VERANO12 • SUBNOTA › GUSTAVO NIELSEN
“Santuario para perros.” El dibujante había escrito esa frase en la primera página. Había llegado hasta la orilla para hacer un croquis del barco. Llevaba un plumín, una pluma cucharita, un pincel número dos, un frasco de tinta china a la perla, una barra de grafito y un block. Había buscado el mejor ángulo: se veían la proa y la popa encalladas en la arena y quedaba bien claro que eran cosas separadas, que el barco se había dividido en dos, se había podrido al medio y cortado, por fin, en proa y popa propiamente dichas, exagerando esa vocación de todo barco por tener dos lugares. Trazó una línea curva en mitad de la hoja, que representaba el tobogán descendente de la playa. Trazó una recta; el horizonte. Después acostó un triángulo isósceles sobre uno de sus lados y tuvo las proporciones de la proa. Hundió en la playa los extremos de una herradura y tuvo el contorno de la popa. Las figuras estaban levemente encimadas. Era raro que hubiera escrito una frase antes de empezar a dibujar. Quizás había sido porque ese barco abandonado, esos restos tirados en medio de un balneario desierto en mitad del invierno, realmente le habían producido el efecto de un sitio sagrado, adonde uno terminaría peregrinando, aunque no supiera rezar.

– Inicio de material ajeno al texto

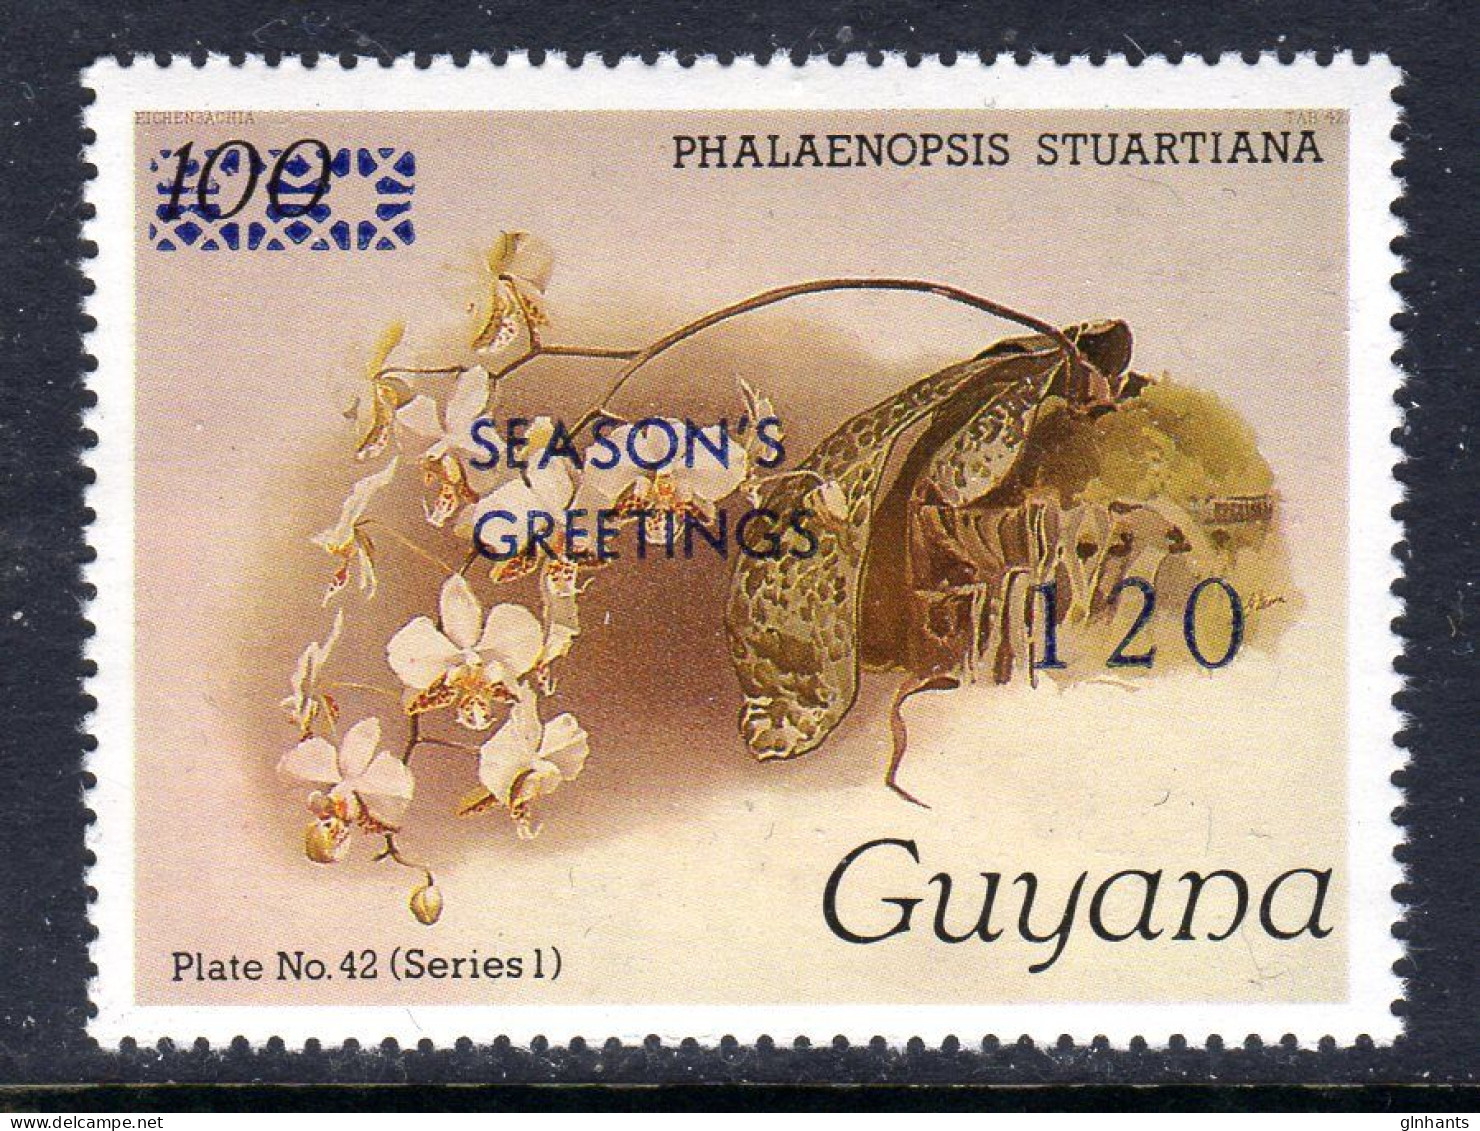 GUYANA - 1988 REICHENBACHIA ORCHIDS OVERPRINTED SEASONS GREETINGS PLATE 42 SERIES 1 FINE MNH ** SG 2524 - Guiana (1966-...)

Era un muchacho rubio y desgarbado, con una inclinación natural del cuerpo hacia las hojas blancas de su block. Parecía como si no tuviese espalda, piernas, nuca. Todo lo que valía en él era el espacio magnético creado entre la página, su torso vencido, la mirada clavada en el barco y en lo blanco, en el barco y en los bosquejos, en el barco y en el dibujo del barco. En los detalles reales y en los inventados por la tinta. Su mano derecha sostenía la pluma, la mojaba en el tintero, la deslizaba sobre el papel. Su mano izquierda aferraba las hojas para que el viento no se las llevara. Cuando terminó de dibujar, clavó el plumín en la arena y tomó el pincel.
La playa se exhibía al sol con una lejana impudicia, como si fuera una mujer decidida a desnudarse en un lugar ajeno, dueño de otras costumbres. El viento se colaba por la ropa del dibujante y le hacía gotear la nariz. Constantemente levantaba el pincel para pasarse el dorso de la mano por el agua, y aspiraba un corto aire húmedo y salado. La luminosidad era buena. El pincel dibujó largas manchas negras, extendidas. Eran las siete de la mañana y el sol aún estaba bajo. El dibujante se había levantado al amanecer para poder captar la extensión de esas sombras.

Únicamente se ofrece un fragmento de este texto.